In-Memory vs. Database

Store auctoritates in-memory (dict keyed by chat_id). Rationale:

  • Single-user system — only one pending auctoritas at a time is realistic.
  • Expiry is 2 minutes — no persistence needed across restarts.
  • Avoids schema migration complexity.
  • If persistence becomes needed later, migrate to praetorium table.

Security Controls

  • # SECURITY: TOTP secret loaded from env only, never logged or persisted to disk
  • # SECURITY: OTP messages deleted after verification (best-effort)
  • # SECURITY: auctoritas expires after TTL regardless of attempts
  • # SECURITY: timing-safe comparison for TOTP codes
  • OTP reply messages are also deleted (Caesar's typed OTP code).

Tests

FileTests
tests/test_totp.py (new)Valid OTP accepted, invalid rejected, drift tolerance, timing-safe comparison
tests/test_auctoritas.py (new)Create, expire, max attempts, approve, execute
tests/test_config.pyLEGIO_TOTP_SECRET loaded, missing secret disables TOTP
tests/test_telegram_bot.pyFull flow: request → OTP → execution; invalid OTP; expired request

Estimate: L


WI-F: Prompt-Level Confirmation for Medium-Risk Actions

Goal

Actions that are revocable but impactful require Caesar to reply "Confirmed" — enforced via Legatus prompt, not code.

Actions

ActionWhy Not TOTP
publish_edictumRevocable (can /revoke)

Implementation

Add to castra/legatus/prompt.md:

markdown
## Action Authorization

### TOTP-Required (Hard Gate)
These actions are blocked until Caesar provides a valid OTP.
The bot will ask for it automatically — you cannot bypass this:
- Removing a centurio
- Revoking an edictum

### Confirmation-Required (Soft Gate)
Before these actions, explain the impact and ask Caesar to reply "Confirmed":
- Publishing an edictum (standing order for all centuriones)
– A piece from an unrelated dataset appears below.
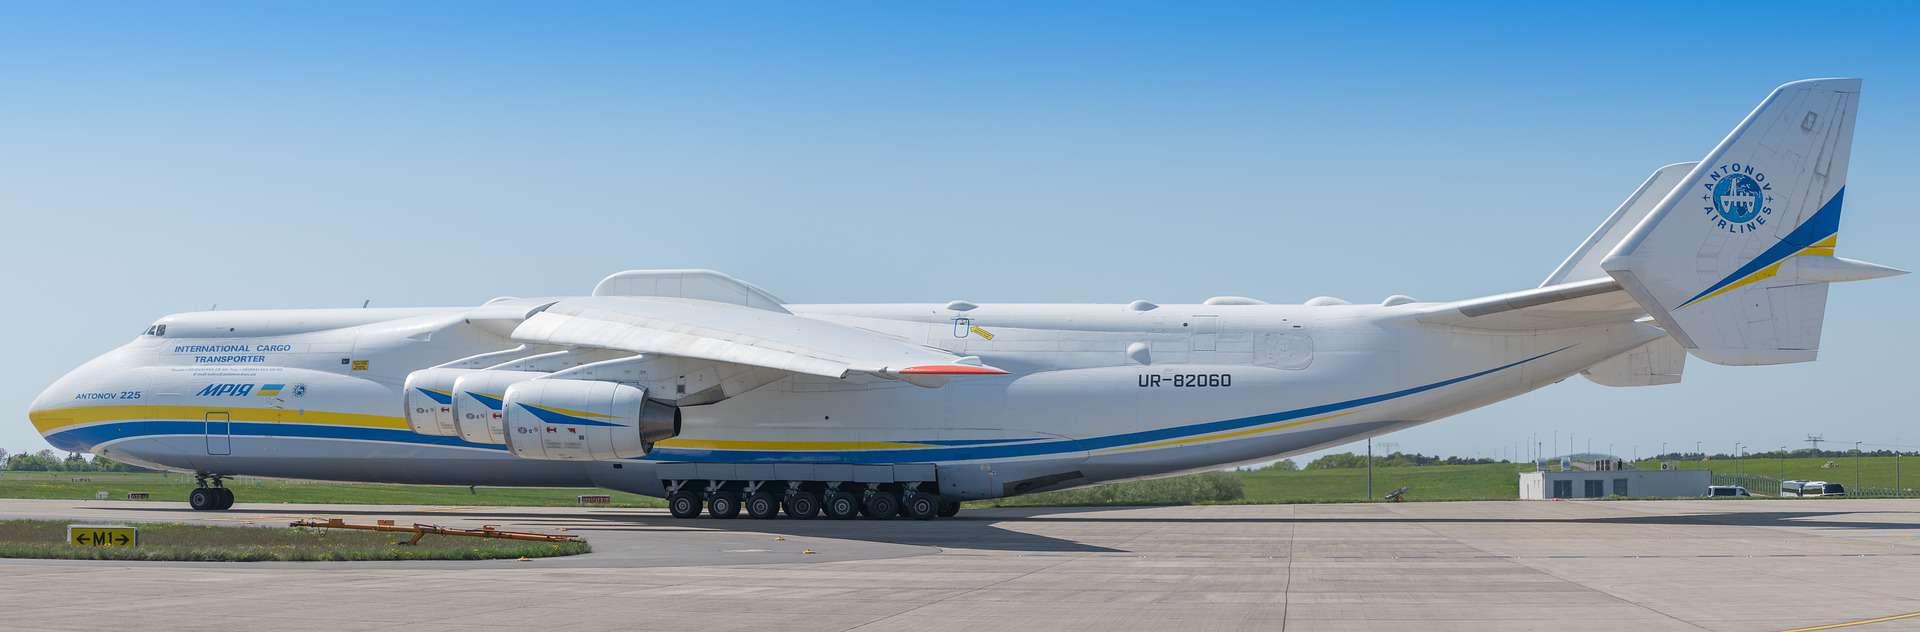 Antonov air cargo charter aircraft

### No Confirmation Needed
- Creating a centurio (reversible)
- Dispatching to a centurio (read-only)
- Reading edicta, acta, history (read-only)

Estimate: S (prompt edit only, no code)


WI-G: Routing Narration and Consult/Debate Protocols

Goal

Add behavioral protocols to Legatus for visible routing, one-shot consult, and structured debate. All via prompt — no orchestration code.

Implementation

Add to castra/legatus/prompt.md:

markdown
## Routing Narration

When you auto-route (no @mentions from Caesar):
1. Briefly explain which centurio you chose and why (one sentence).
2. Then dispatch.
Caesar should never be surprised about who is working on their request.

## Consult Protocol

When Caesar uses `/consult @name <question>`:
1. Dispatch the question to the named centurio.
2. Return their answer with attribution.
3. Add a one-sentence Legatus summary if the answer needs interpretation.

## Debate Protocol

When Caesar uses `/debate @a @b <question>`:
1. Dispatch the question to both centuriones.
2. If their answers conflict, dispatch one round of rebuttal (each sees the other's answer).
3. Produce a final synthesis: options, recommendation, and risks.
4. Maximum 3 rounds total. Stop even if no consensus.
5. Caesar sees the synthesis. Raw transcripts are saved to your commentarii.

Why Prompt, Not Code

The debate "rounds" are a behavioral pattern, not a state machine. The Legatus SDK session maintains conversation context — it can count rounds itself. A code-level hard timeout (already exists: SDK token limit + session idle timeout) prevents runaway debates.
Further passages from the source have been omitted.